От таких и погибали люди,
За такой Чингиз послал посла,
И такая на кровавом блюде
Голову Крестителя несла.
Написано стихотворение на куске серовато-палевого, довольно грубого картона под наклеенной на него фотографией, на которой снята по пояс обнаженная Вечеслова…
«Я заставила фотографа поставить свет, аппаратуру, а потом приказала вышвырнуться из гримуборной. Он очень сопротивлялся, но я заставила. Лишь потом скинула халатик и встала перед камерой. А на затвор нажала Галя Уланова.»
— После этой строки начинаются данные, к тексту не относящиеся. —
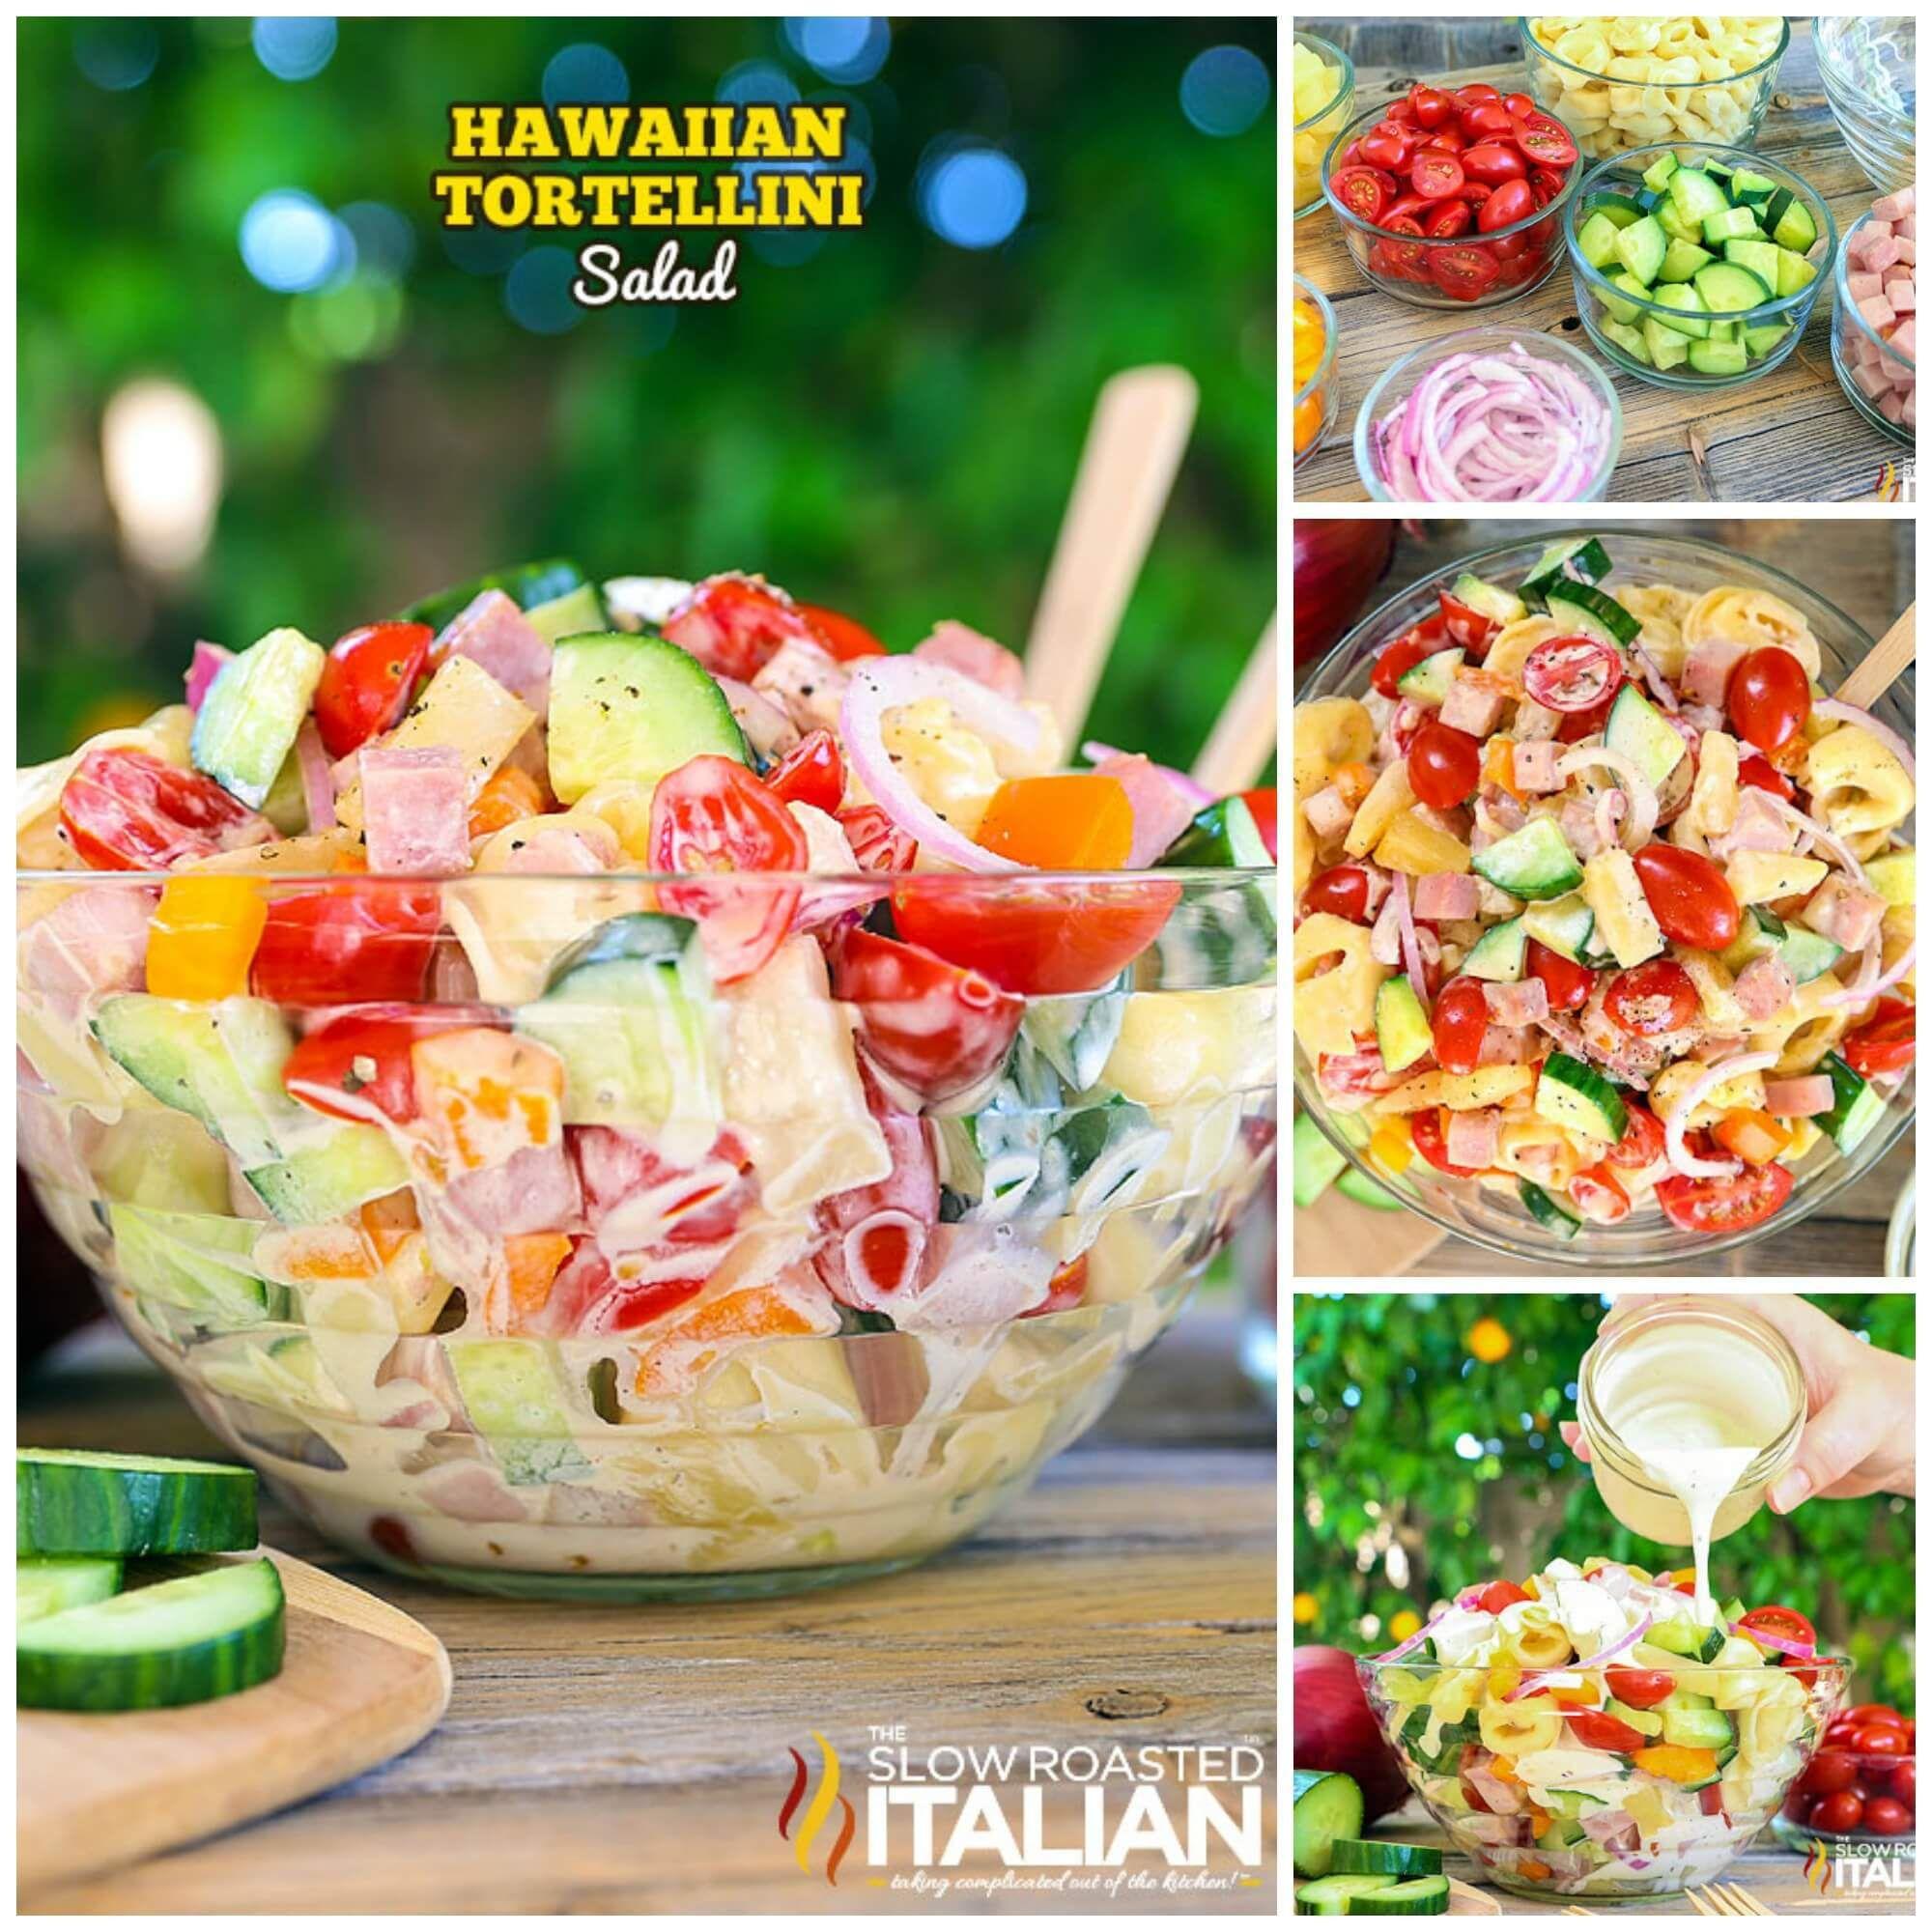 Hawaiian Tortellini Salad #hawaiianfoodrecipes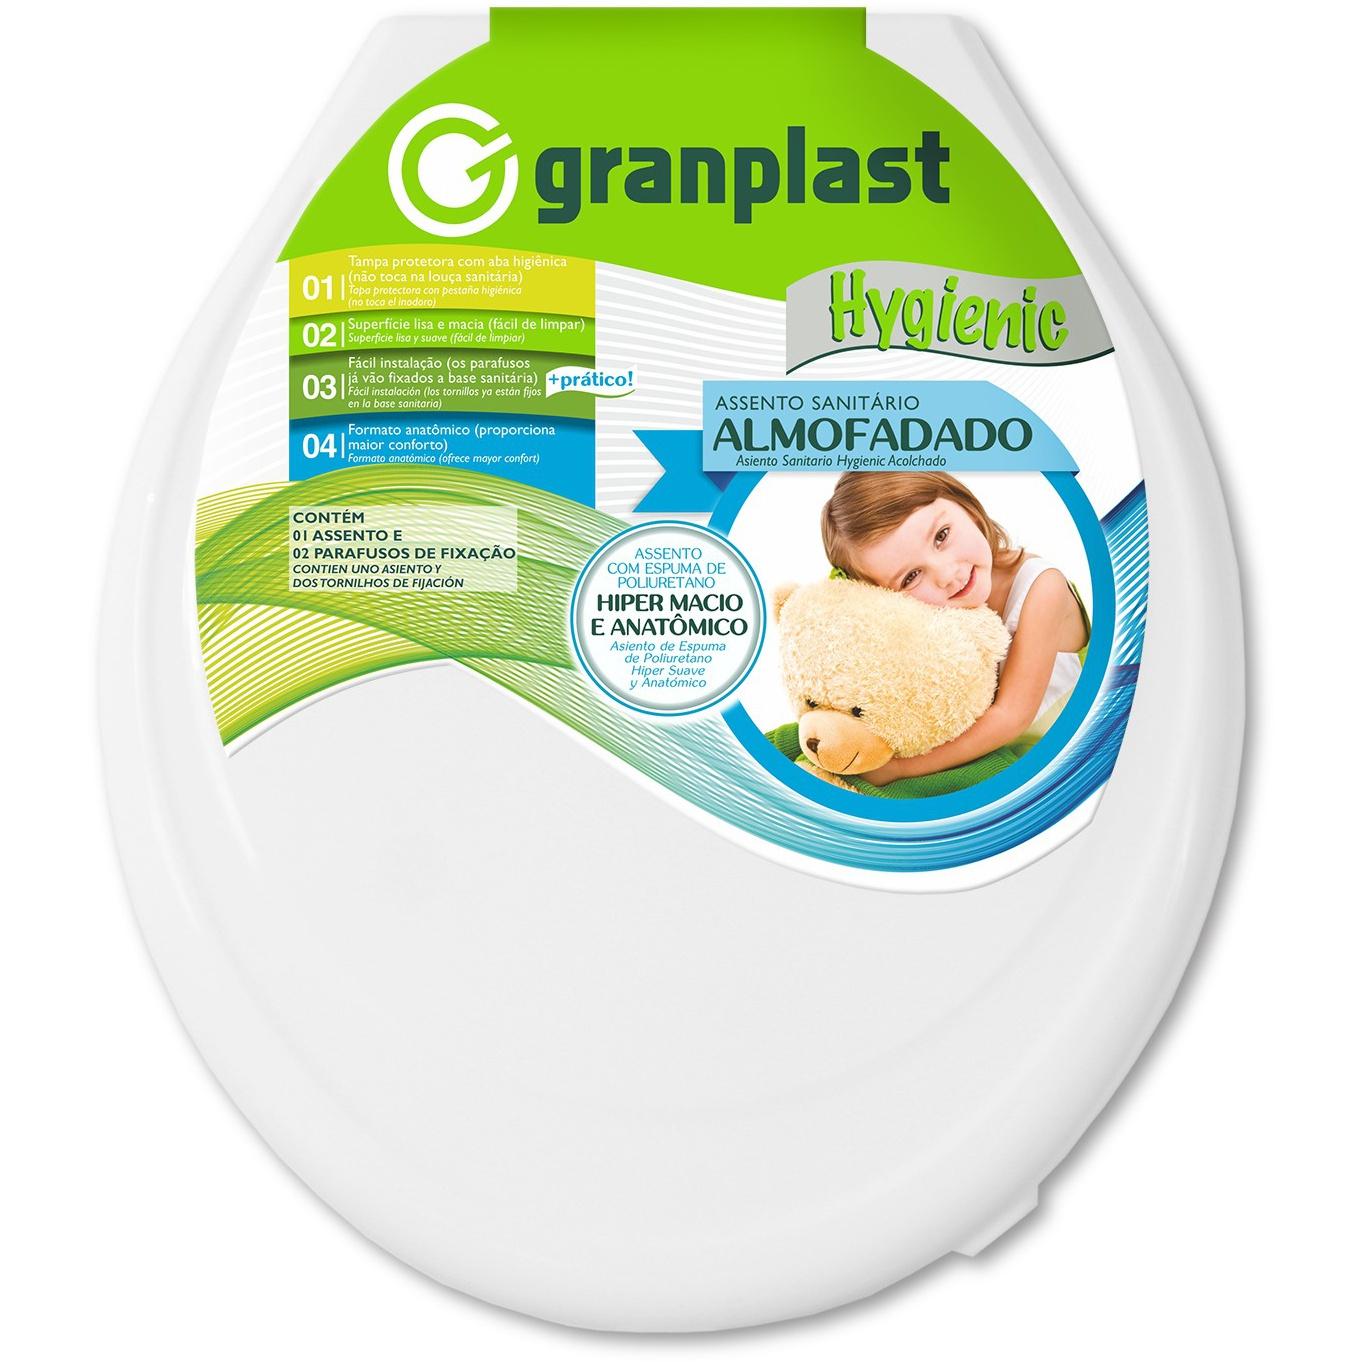 Assento Sanitario Almofadado Hygienic Branco - Granplast

Этот портрет, под которым Ахматова своей рукой написала и подписала окаянные стихи, у меня украли. Вот так миф отправился в путешествие. Здесь случайностей не бывает.
***
Последний раз мы видели Ахматову в Комарово, куда приехали в будку, как называла Анна Андреевна маленький домик, в котором жила. Пока они разговаривали, я шлялся по окрестностям, поскольку для меня как раз наступило время, в котором девочки интереснее поэзии. Расставаясь, Ахматова и Вечеслова долго стояли у калитки. Уходя, мать все оборачивалась, а Анна Андреевна все смотрела вслед… Комарово, став местом их прощальной встречи, оказалось и местом последнего покоя. Их памятники стоят совсем рядом. Уверен — не случайно.